2B - They both seem to recognize text, so i'm confused on the difference. What are the benefits of one over the other?
2C - Should I use them together if i'm still not getting results?
3. Even after running both these optinos in 'Scan & OCR' at 600 dpi, this document doesn't have most of it's text searchable (see attached doc). What more can I do besides running both these options in "Scan & OCR"?
Thank you in advance for all the help!
Copy link to clipboard
Copied
Hi there
Hope you are doing well and sorry for the delay.

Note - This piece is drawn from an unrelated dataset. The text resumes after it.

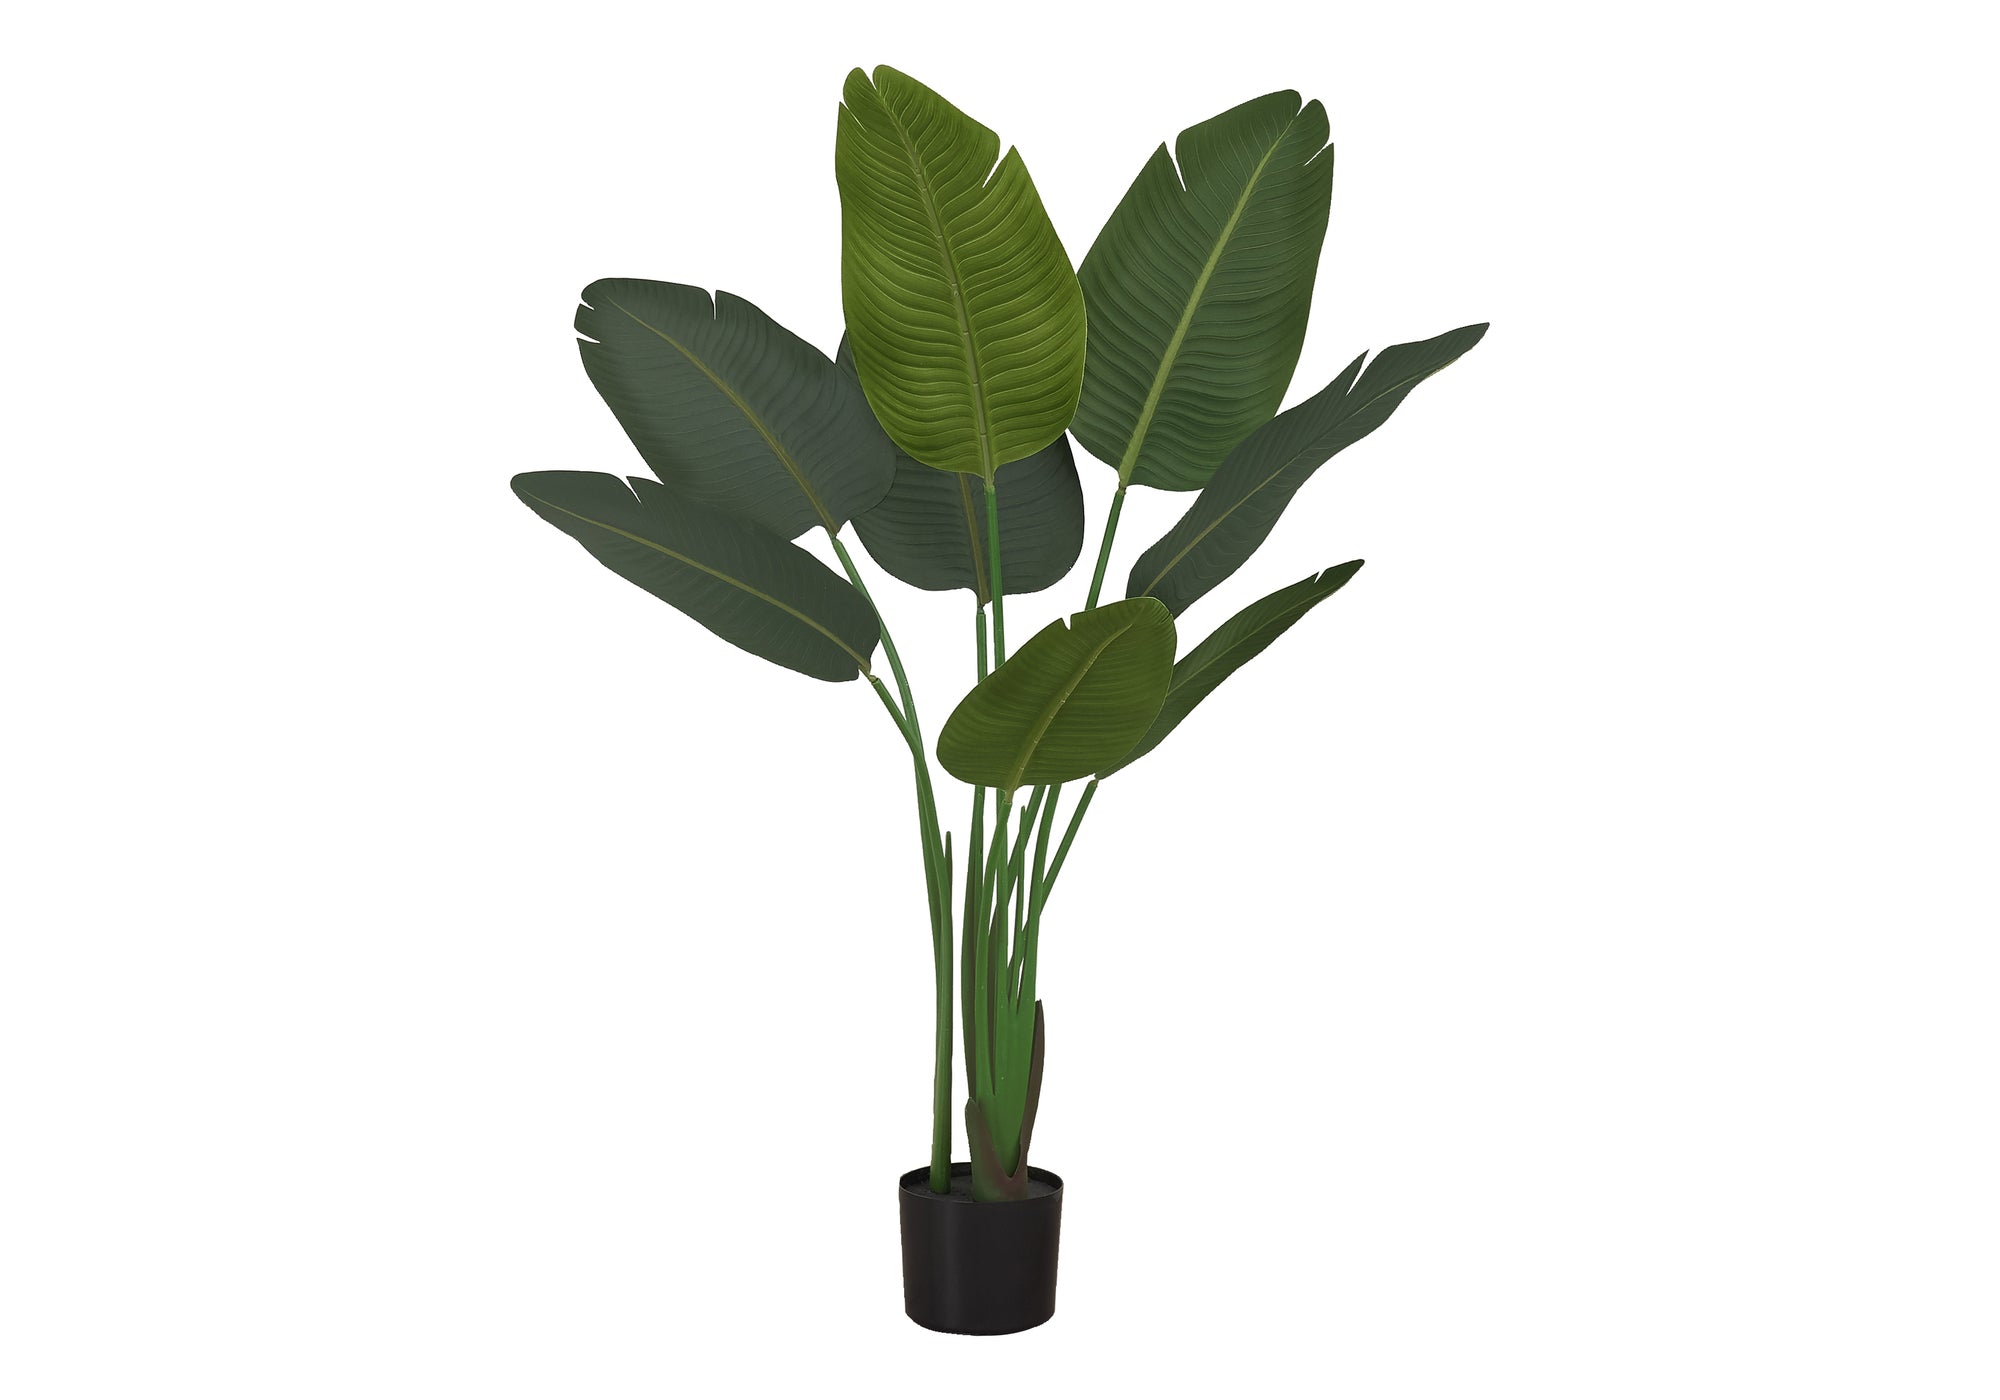 MN-619569    Artificial Plant, 44" Tall, Bird Of Paradise Tree, Indoor, Faux, Fake, Floor, Greenery, Potted, Decorative, Green Leaves, Black Pot

Acrobat Reader and Scan are all part of the 'Adobe Acrobat Pro' package for more info. please check the help page https://adobe.ly/4cicTii
The Enhance Camera Images feature helps clean up images that are captured using smart phone cameras. Using this feature, you can click photographs of a document from your mobile devices and then create a nice-looking, clear, and small-size PDF. It solves your need of ad-hoc scanning without using a standard scanner https://adobe.ly/3vigs7C
The recognize text is user for language OCR, By default the OCR language is picked from default locale. To change the language, click Edit and choose a different language https://adobe.ly/4cmLnQy
What happens when you try to Scan and OCR the text on the PDF file, do you get any error message, if yes, please share the screenshot of the same for more clarity, also check if its an issue with the specific PDF or all of them.
Also make sure you have the application updated the recent version 24.01.20604 installed. Go to Help > Check for updates and reboot the computer once.
~Amal